Furthermore, multiple nodes can be connected using '-peer'.
example:
Node-A: ./netLink --group-code 123 --local 10.26.1.2/24
Node-B: ./netLink --group-code 123 --local 10.26.1.3/24 --peer 8.210.54.141:23333
Node-C: ./netLink --group-code 123 --local 10.26.1.4/24 --peer 8.210.54.141:23333
Node-D: ./netLink --group-code 123 --local 10.26.1.5/24 --peer 192.168.1.2:23333 --peer 8.210.54.141:23333
Public Node-S: 8.210.54.141
Subnet 1: 192.168.10.0/24
Node-A: 192.168.10.2
Node-B: 192.168.10.3
Other subnet:
Node-C
Node-S: ./netLink --group-code xxxx --local 10.26.1.1
Node-A: ./netLink --group-code 123 --local 10.26.1.3/24 --peer 8.210.54.141:23333
Node-C: ./netLink --group-code 123 --local 10.26.1.4/24 --peer 8.210.54.141:23333
Node-C <--> Node-A(192.168.10.2) <--> Node-B(192.168.10.3)
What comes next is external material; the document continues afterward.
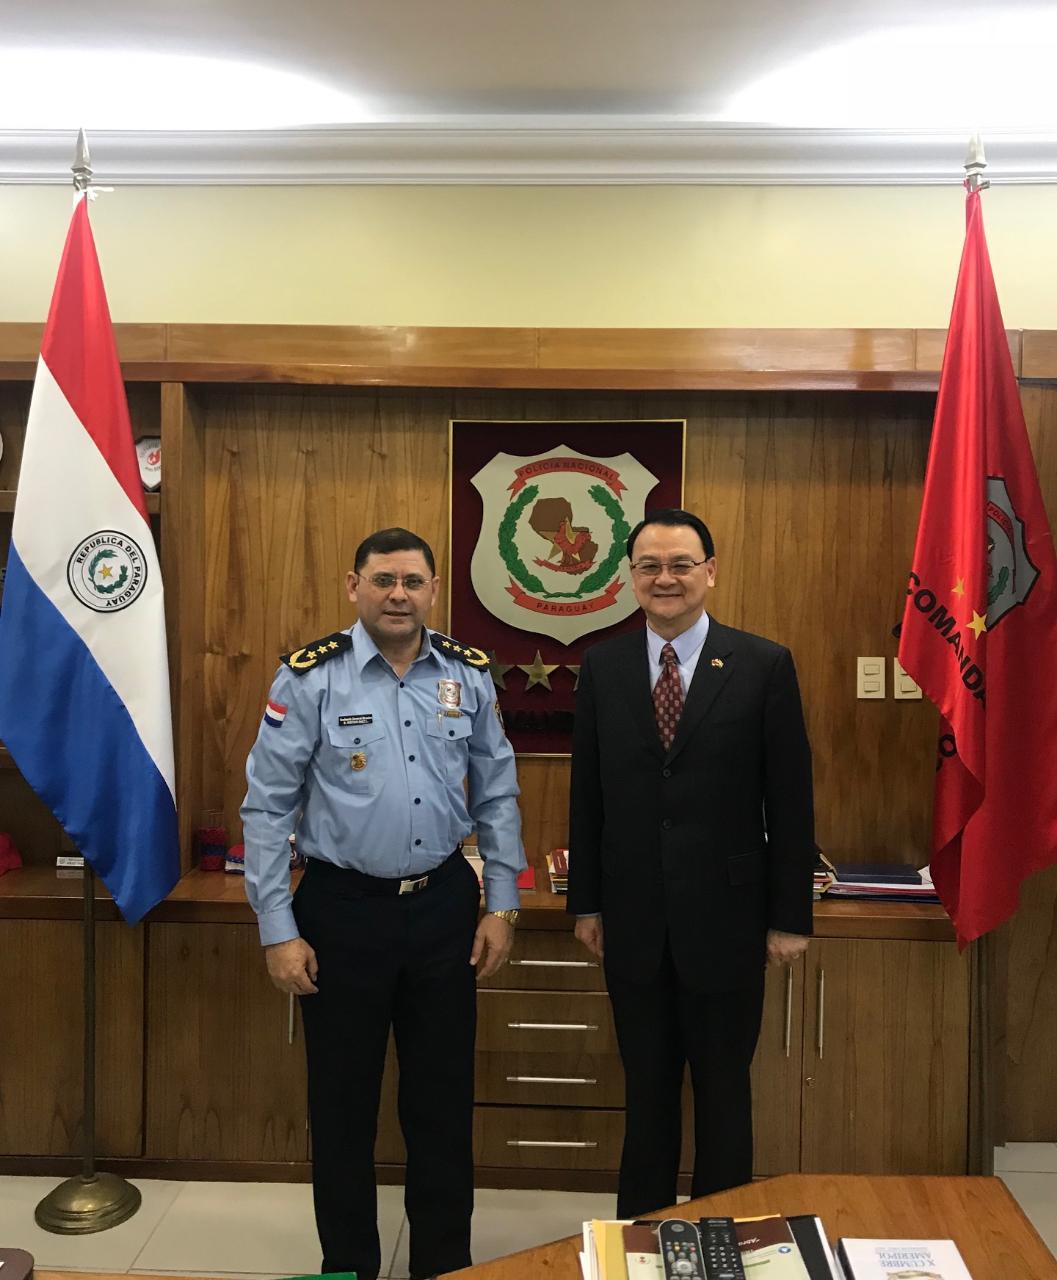 中華民國駐巴拉圭周大使麟於本(9)月5日上午前往內政部警政署拜會新任警察總監巴埃茲(Bartolomé Báez)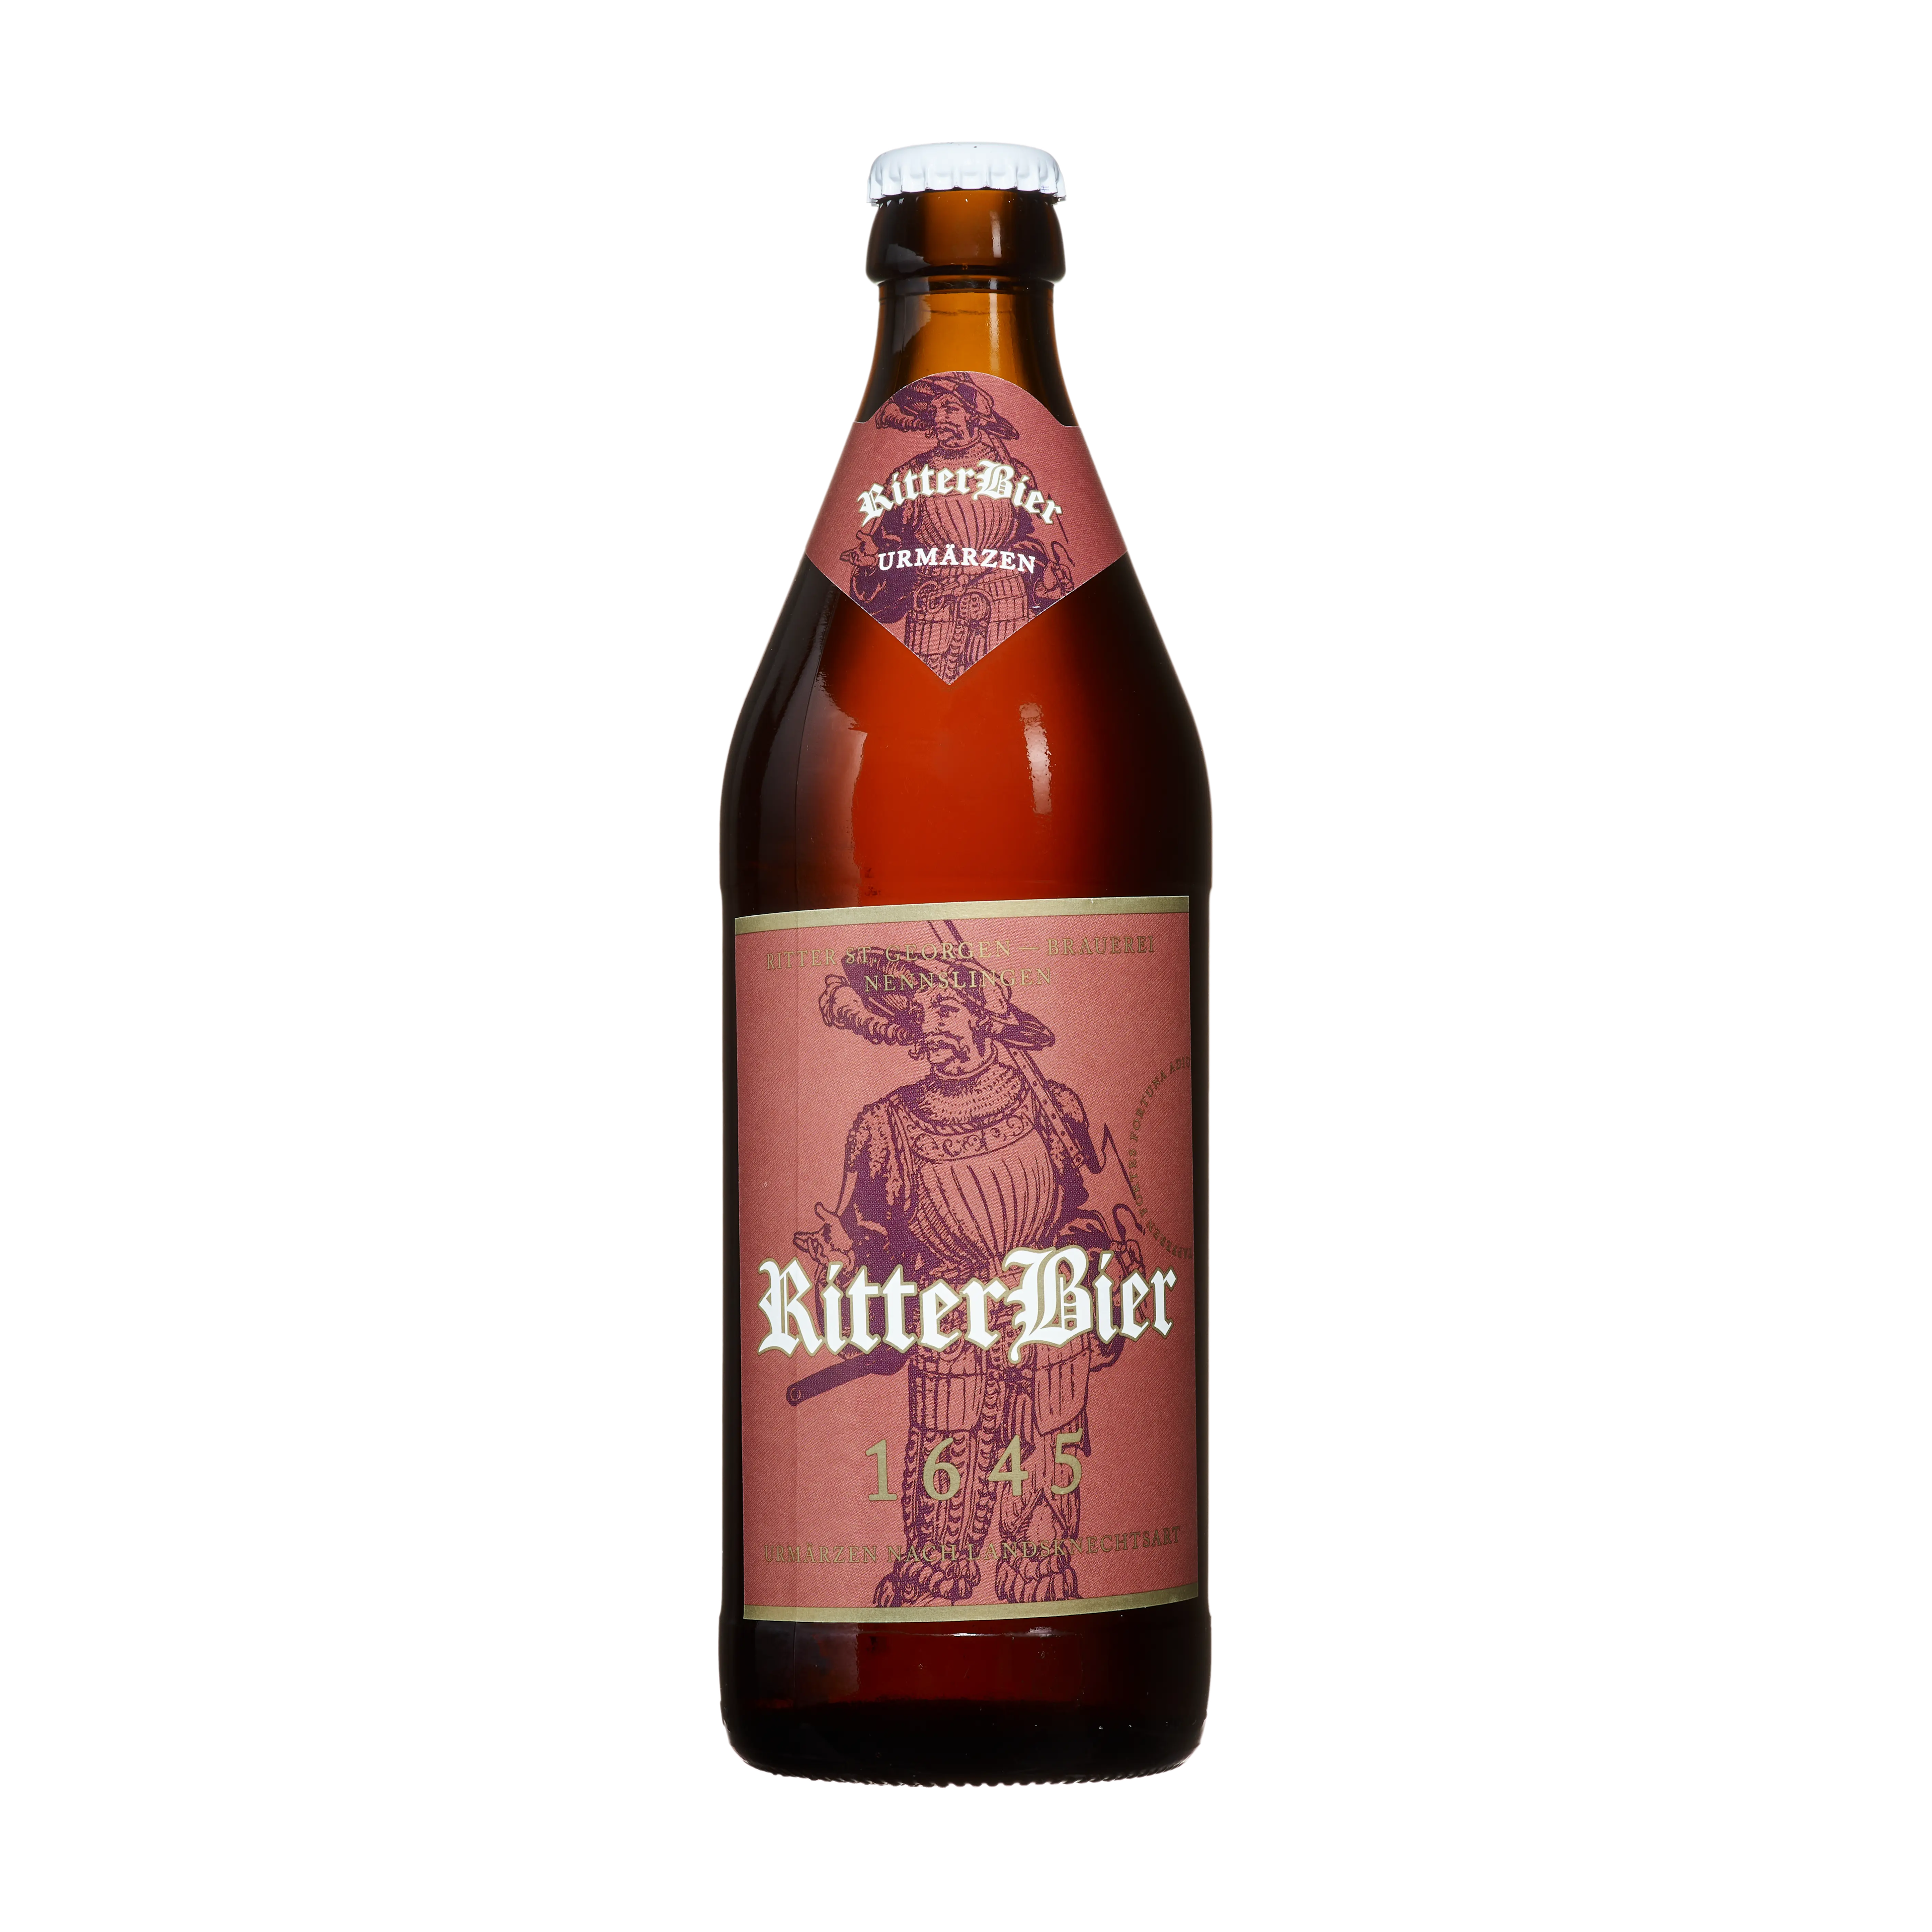 Ritter St Georgen Brauerei 1645 Urmaerzen 1

forward the traffic whose source is within 10.26.1.0/24 to the specified network interface
Linux
sudo sysctl -w net.ipv4.ip_forward=1
sudo iptables -t nat -A POSTROUTING -o eth0 -s 10.26.1.0/24 -j MASQUERADE
Windows
New-NetNat -Name testSubnet -InternalIPInterfaceAddressPrefix 10.26.1.0/24
Macos
sudo sysctl -w net.ipv4.ip_forward=1
echo "nat on en0 from 10.26.1.0/24 to any -> (en0)" | sudo tee -a /etc/pf.conf
sudo pfctl -f /etc/pf.conf -e
route all traffic whose destination is within 192.168.10.0/24 to 10.26.1.3(i.e. the node_id of Node-A)
Linux
sudo ip route add 192.168.10.0/24 via 10.26.1.3 dev <netLink_tun_name>
Windows
route add 192.168.10.0 mask 255.255.255.0 10.26.1.3 if <netLink_tun_index>
Macos
sudo route -n add 192.168.10.0/24 10.26.1.3 -interface <netLink_tun_name>
At this point, Node-C can access the IP address of Node-B(192.168.10.3) via Node-A as if Node-C was directly connected to Node-B.